**Task instructions**
Images are not part of the copy; write out the rest of the data exactly as given.

**Recorded information**
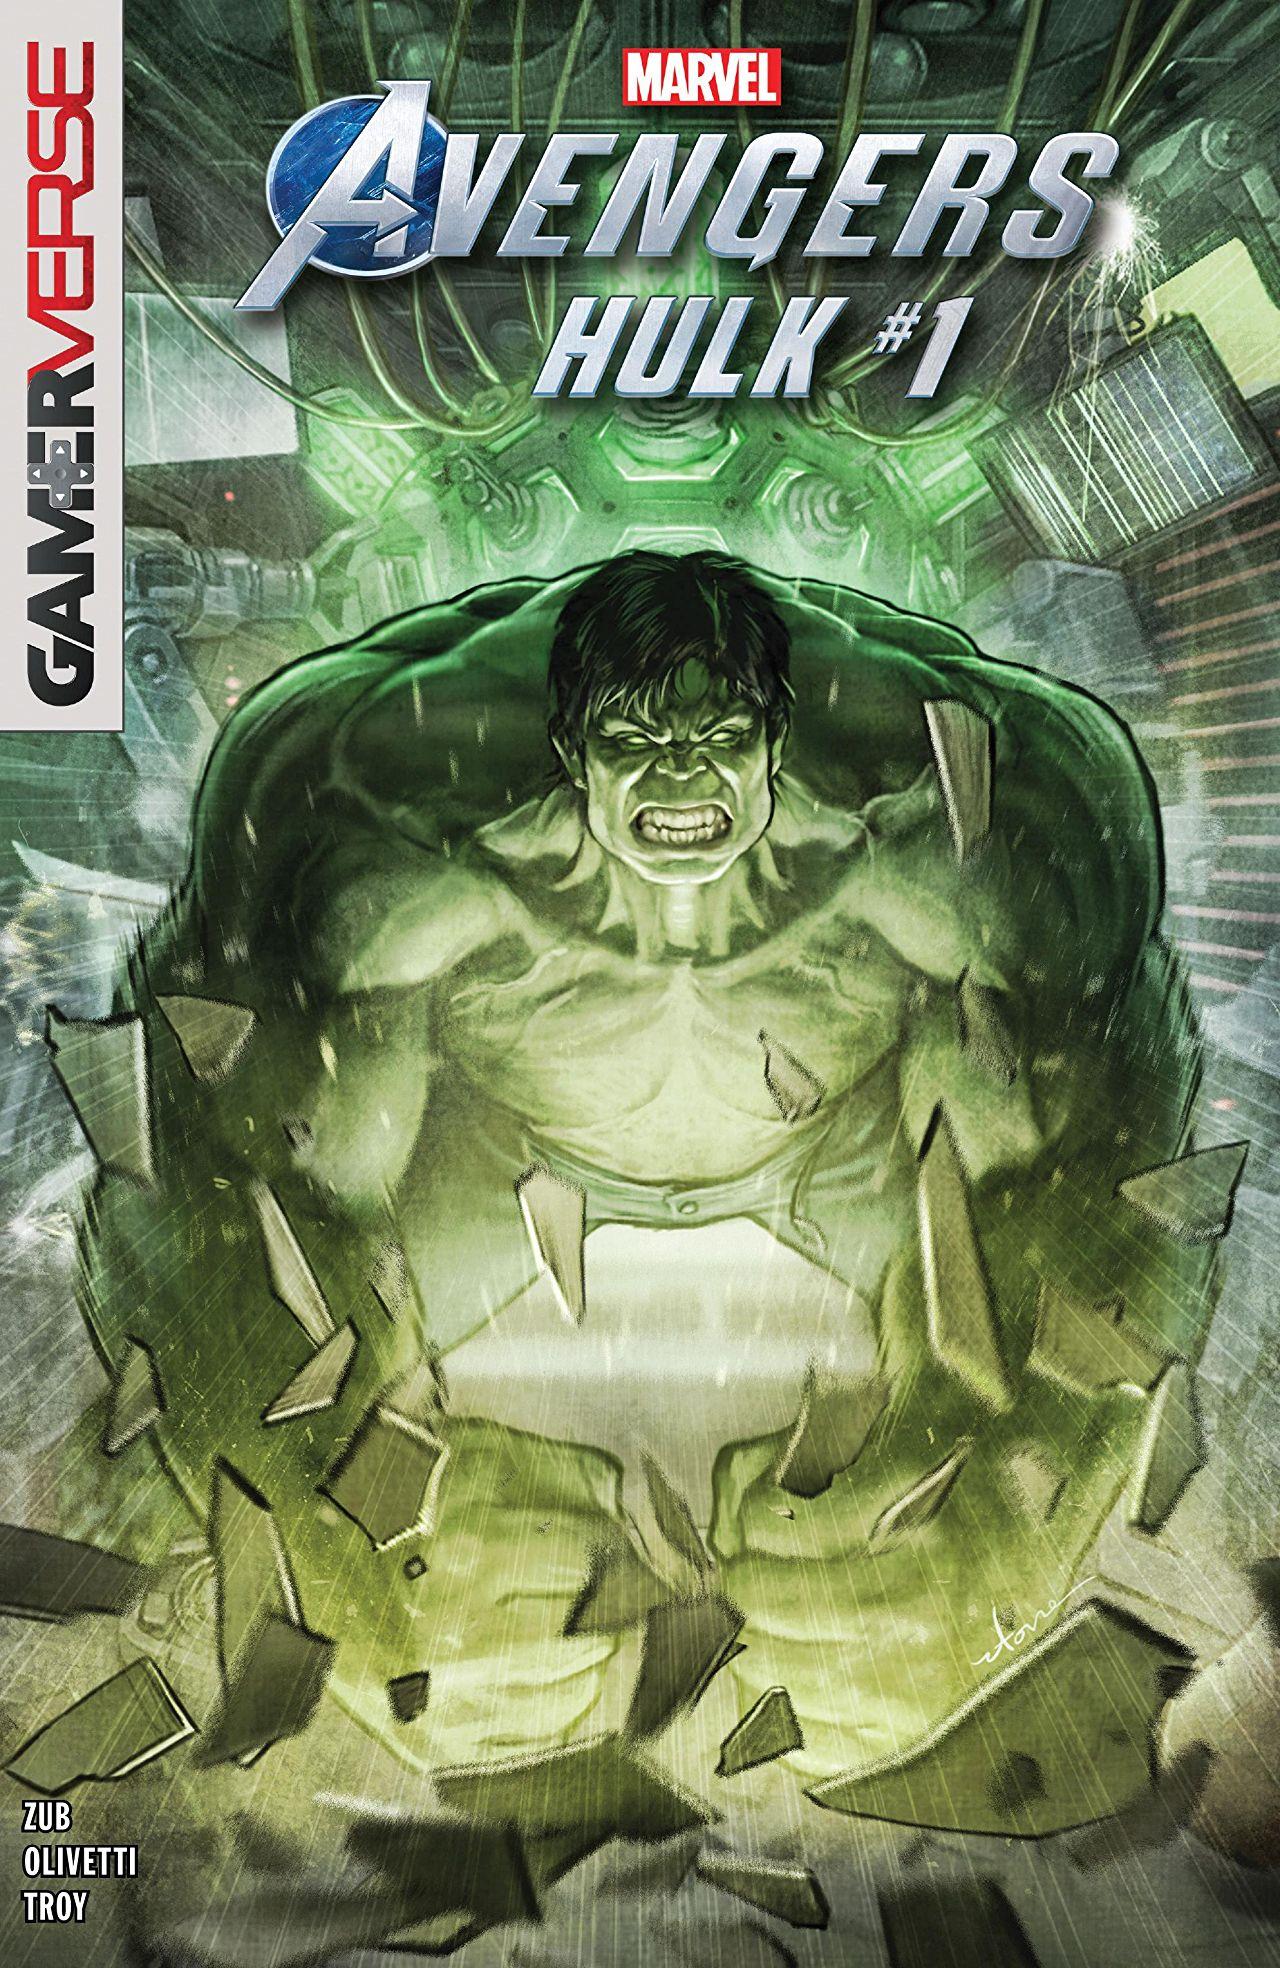 Marvel's Avengers: Hulk Vol. 1 #1
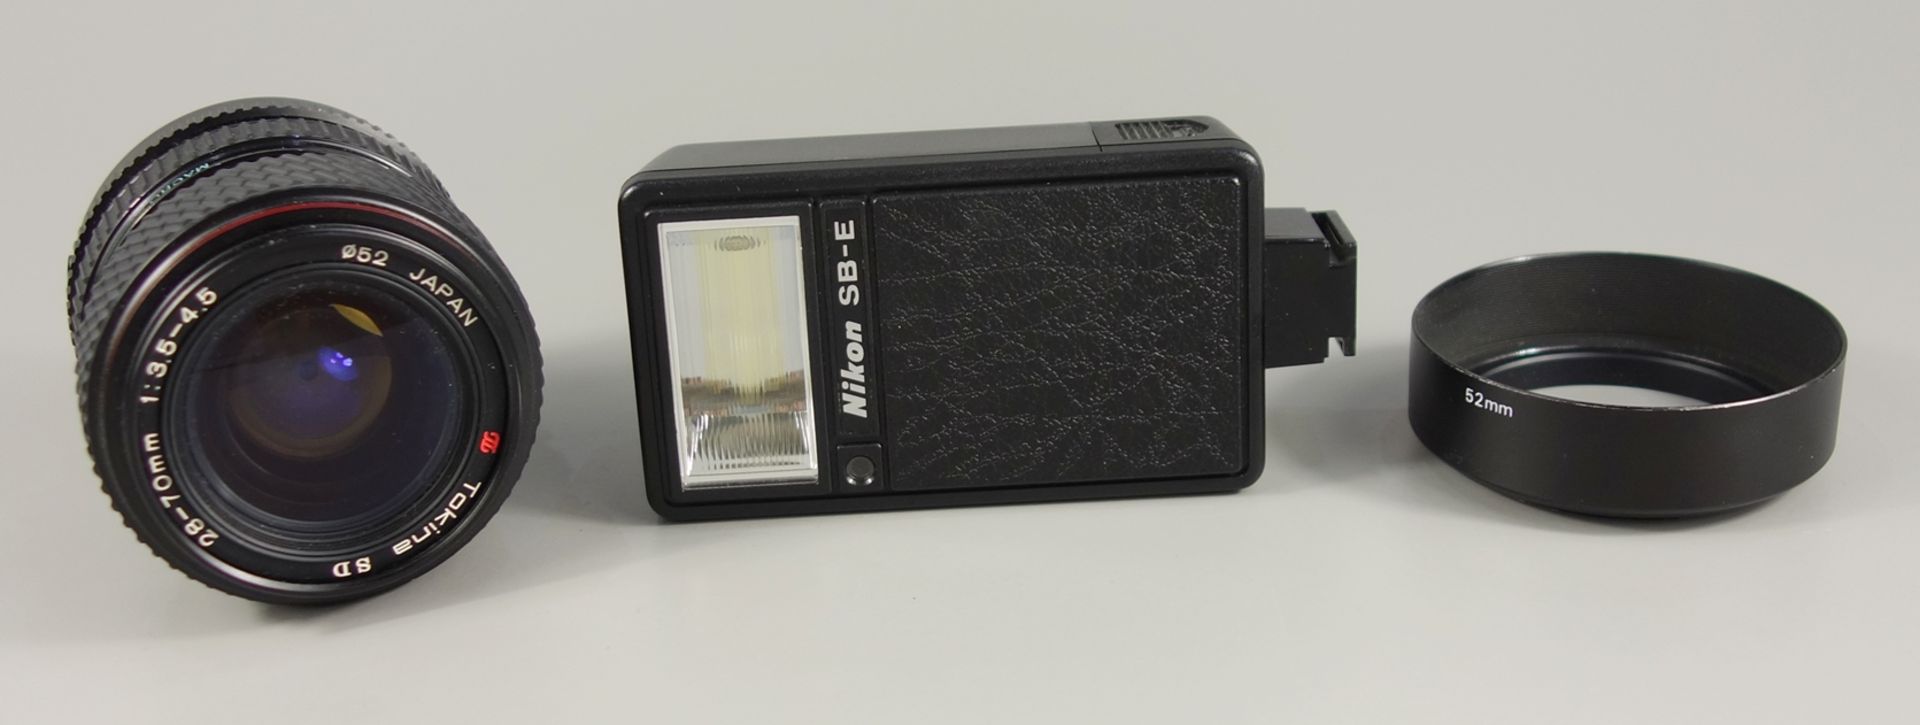 Nikon FM, Spiegelreflexkamera, späte 1970er Jahre, Serien-Nr. 2127907, Rückwand gelockert, sonst - Bild 5 aus 5
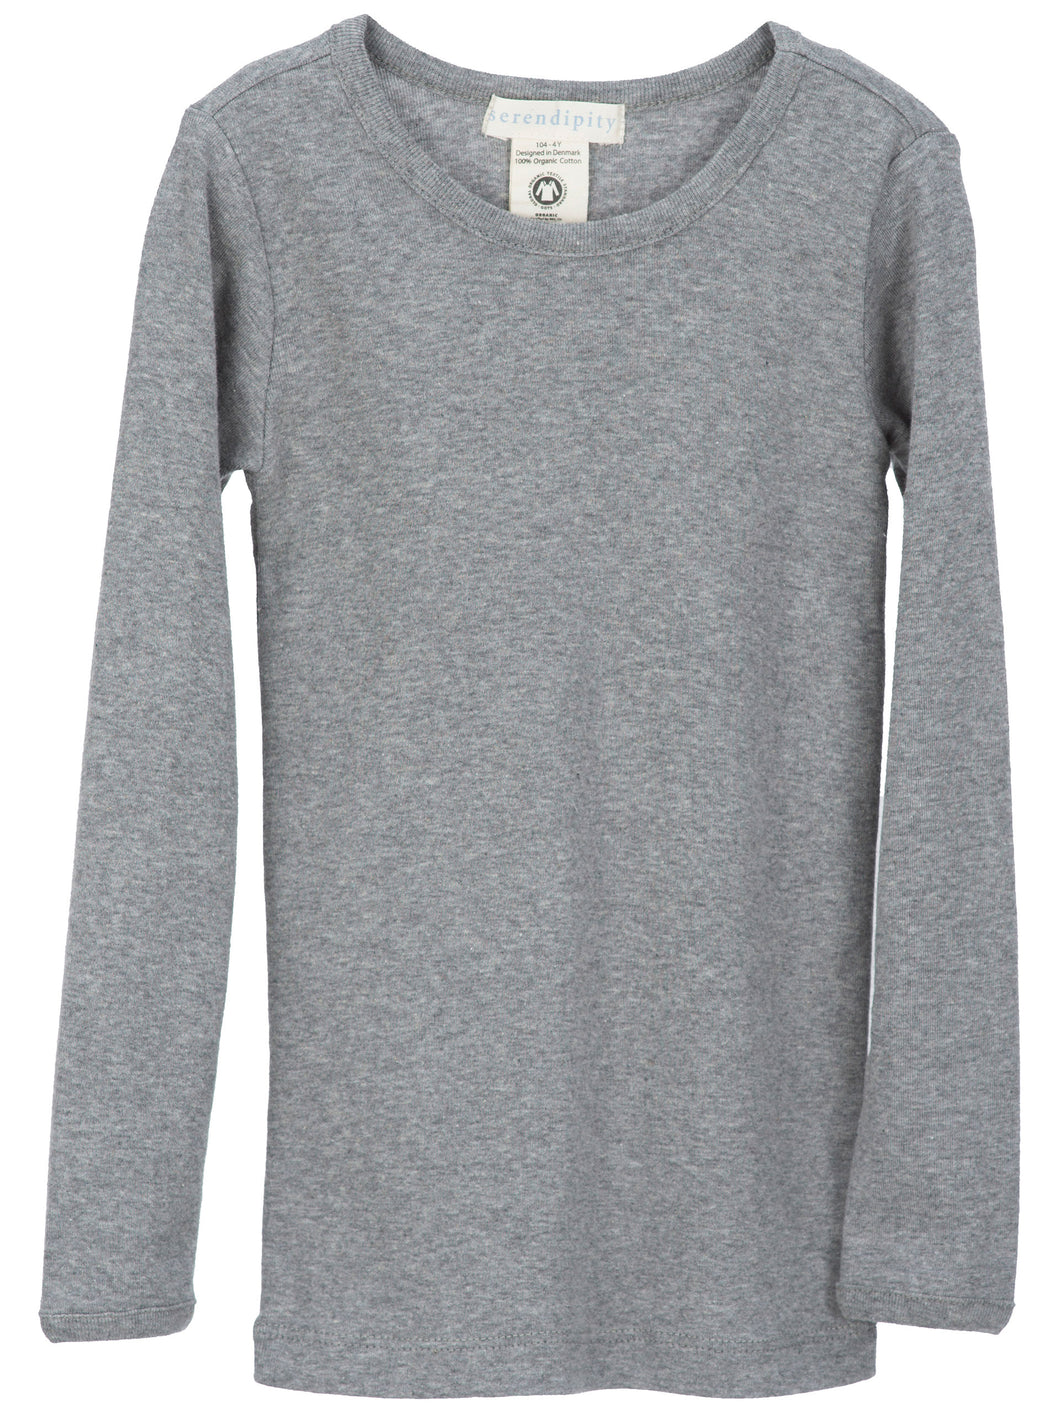 Long Sleeve - Slim fit (Grey)

**Result of this exercise**
 Marvel's Avengers: Hulk Vol. 1 #1
 Nikon FM, Spiegelreflexkamera, späte 1970er Jahre, Serien-Nr. 2127907, Rückwand gelockert, sonst - Bild 5 aus 5
 Long Sleeve - Slim fit (Grey)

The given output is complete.